:: EXERCISE ::
Could you copy the data that follows exactly as written, but drop the pictures?

:: RECORDED INFORMATION ::
◆ ◆ ◆ ◆ ◆
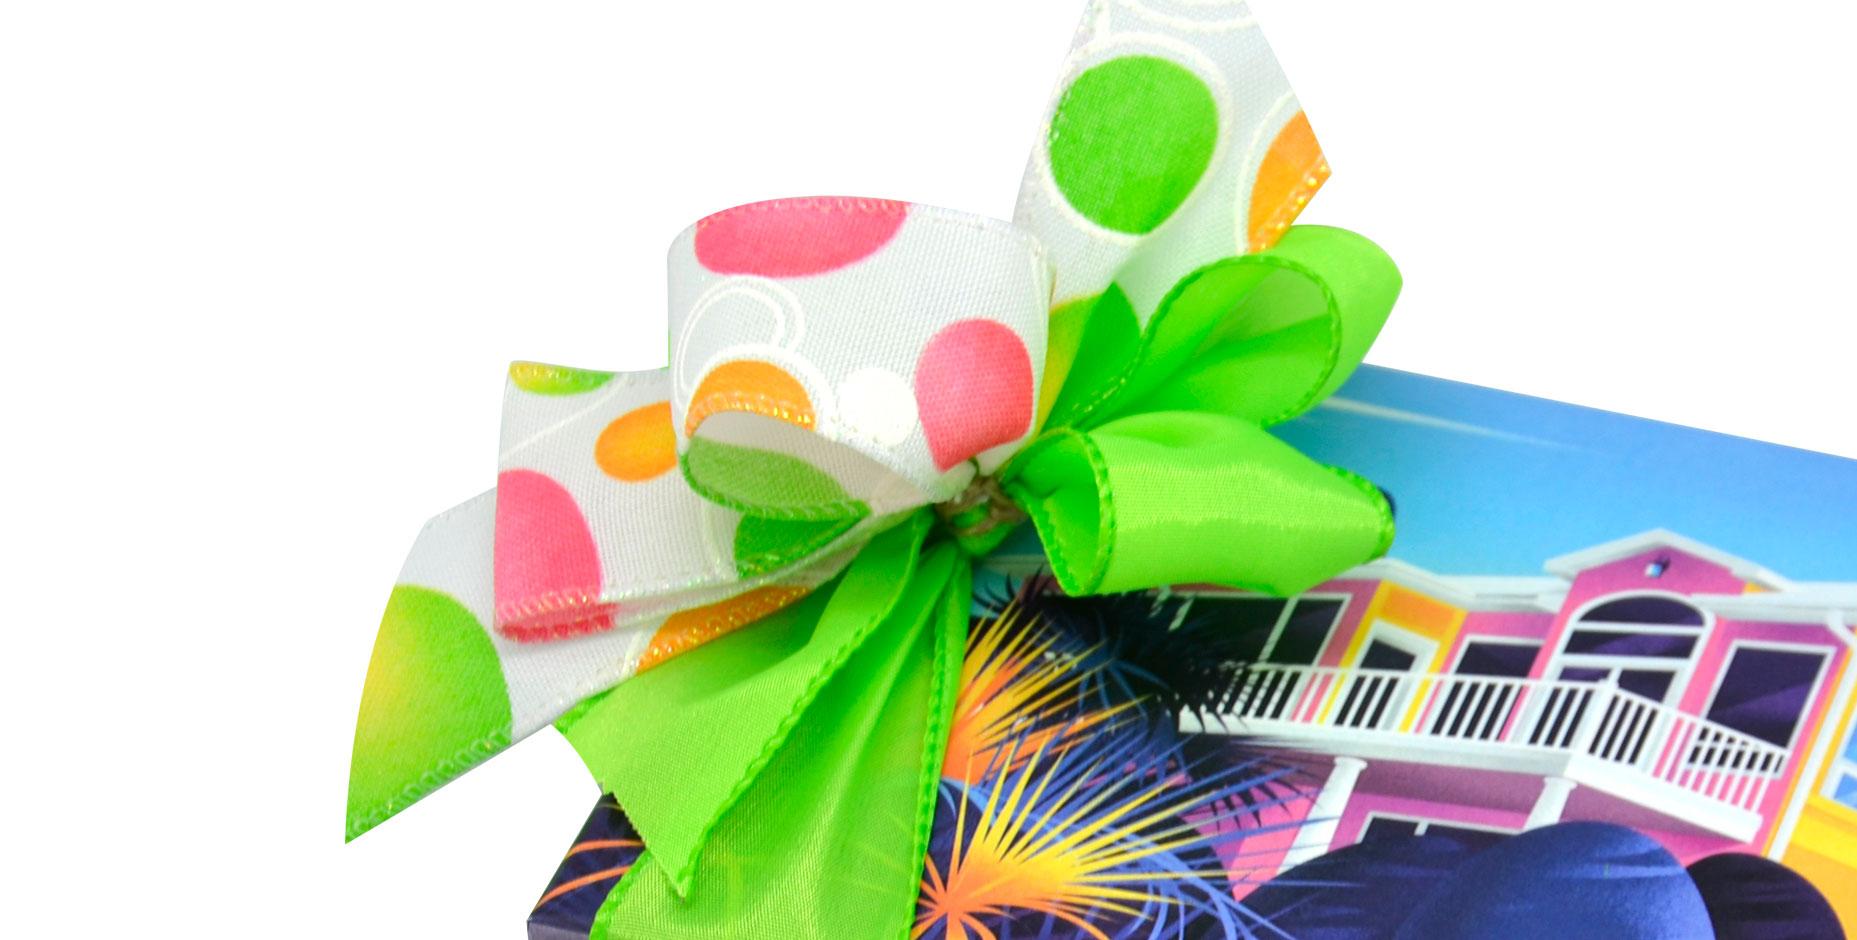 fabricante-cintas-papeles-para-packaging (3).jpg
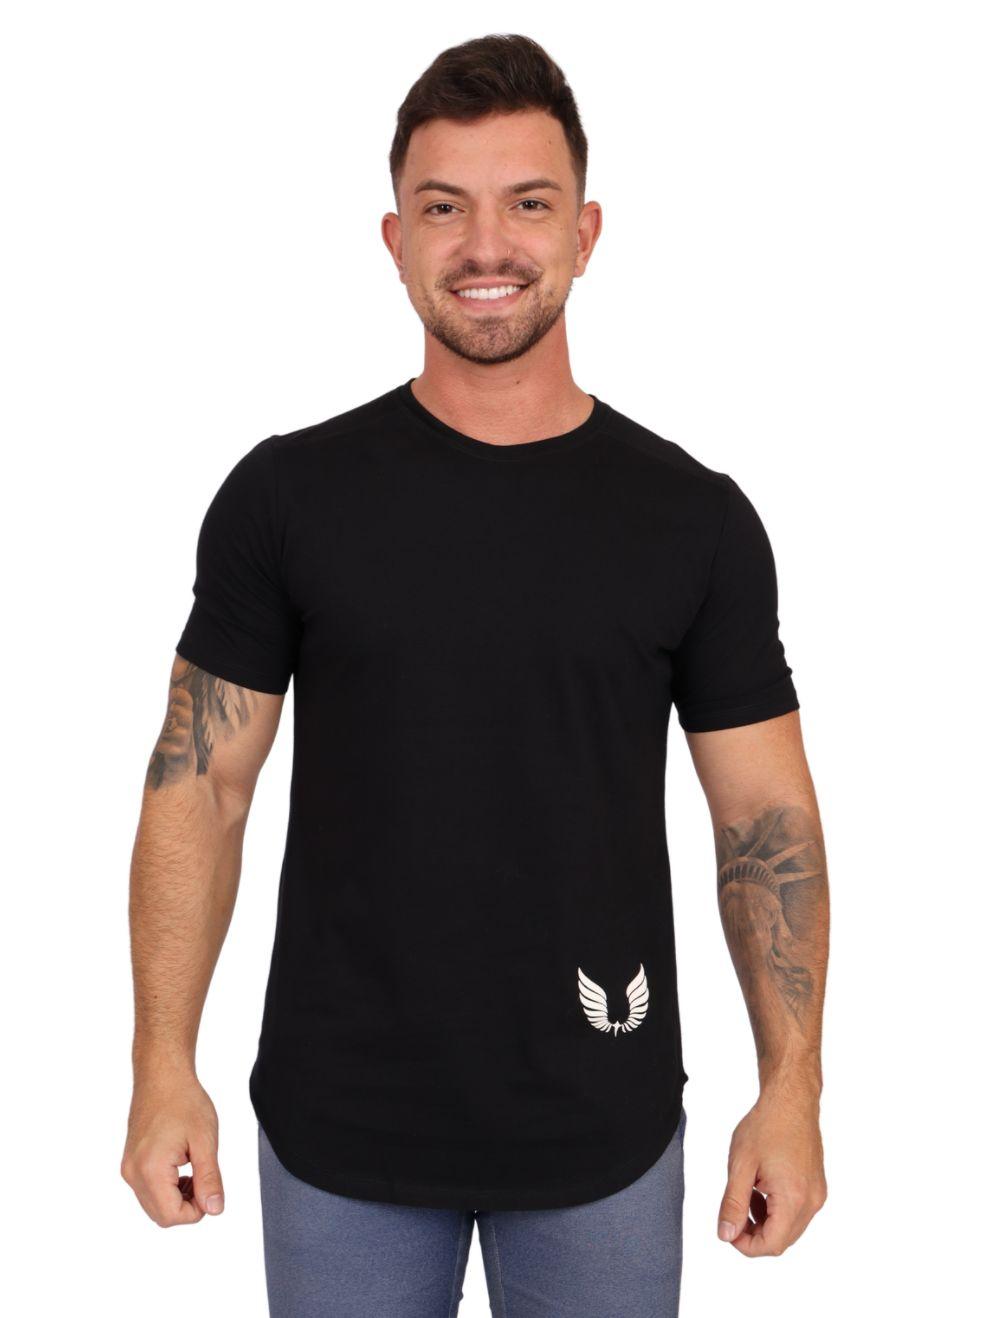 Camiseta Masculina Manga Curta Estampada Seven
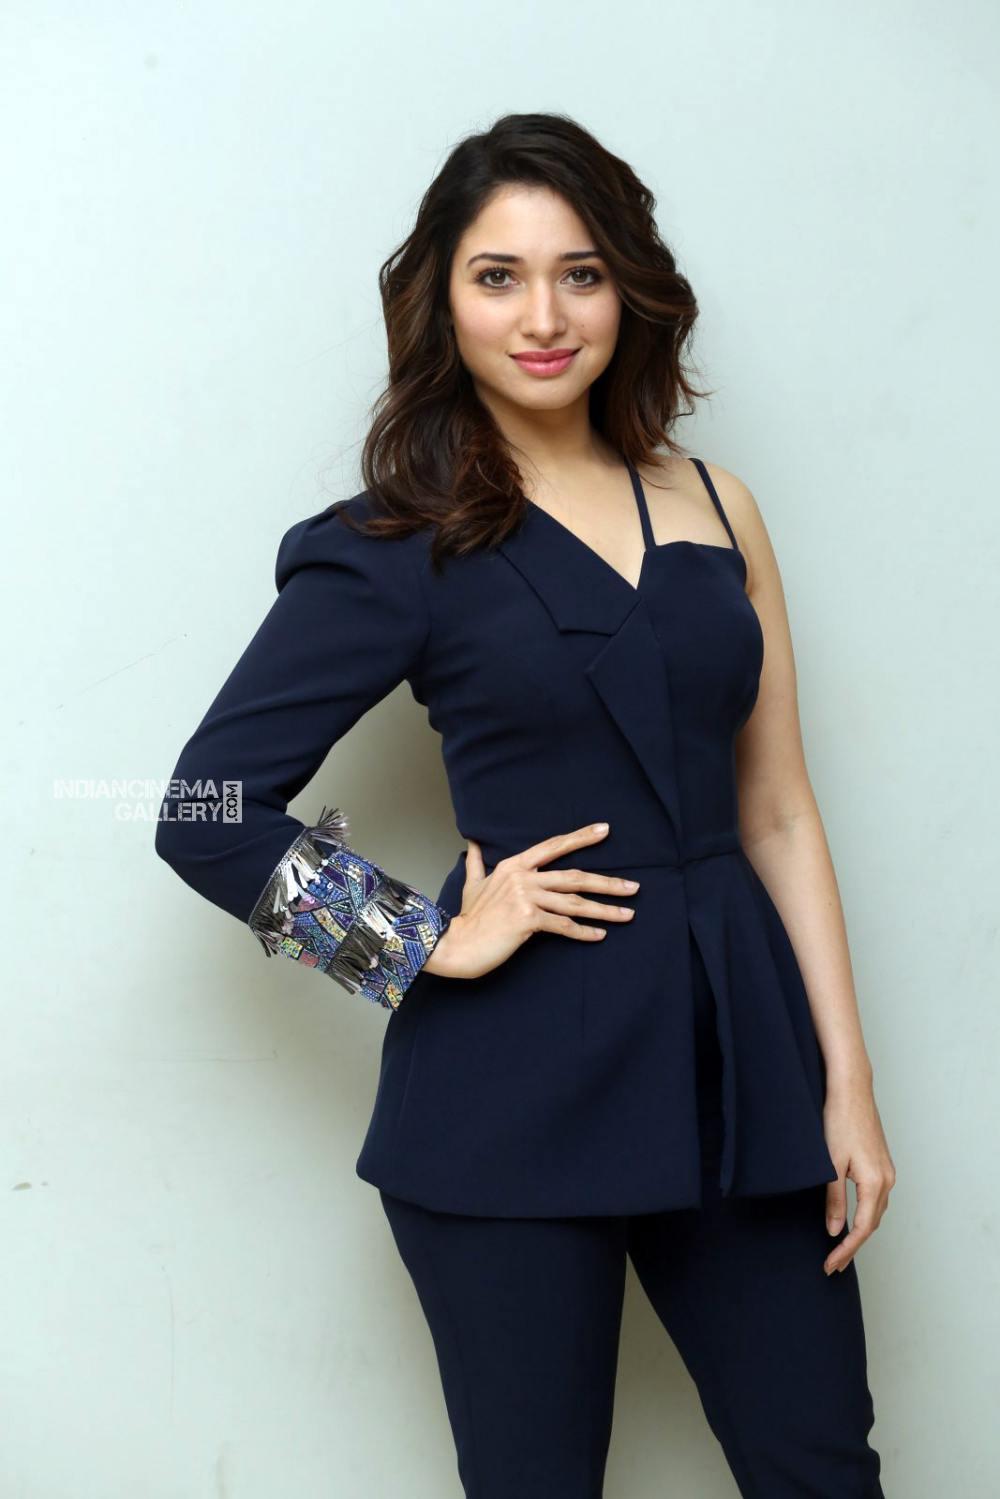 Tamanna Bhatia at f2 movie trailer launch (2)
◆ ◆ ◆ ◆ ◆
:: PROBLEM SOLUTION ::
 fabricante-cintas-papeles-para-packaging (3).jpg
 Camiseta Masculina Manga Curta Estampada Seven
 Tamanna Bhatia at f2 movie trailer launch (2)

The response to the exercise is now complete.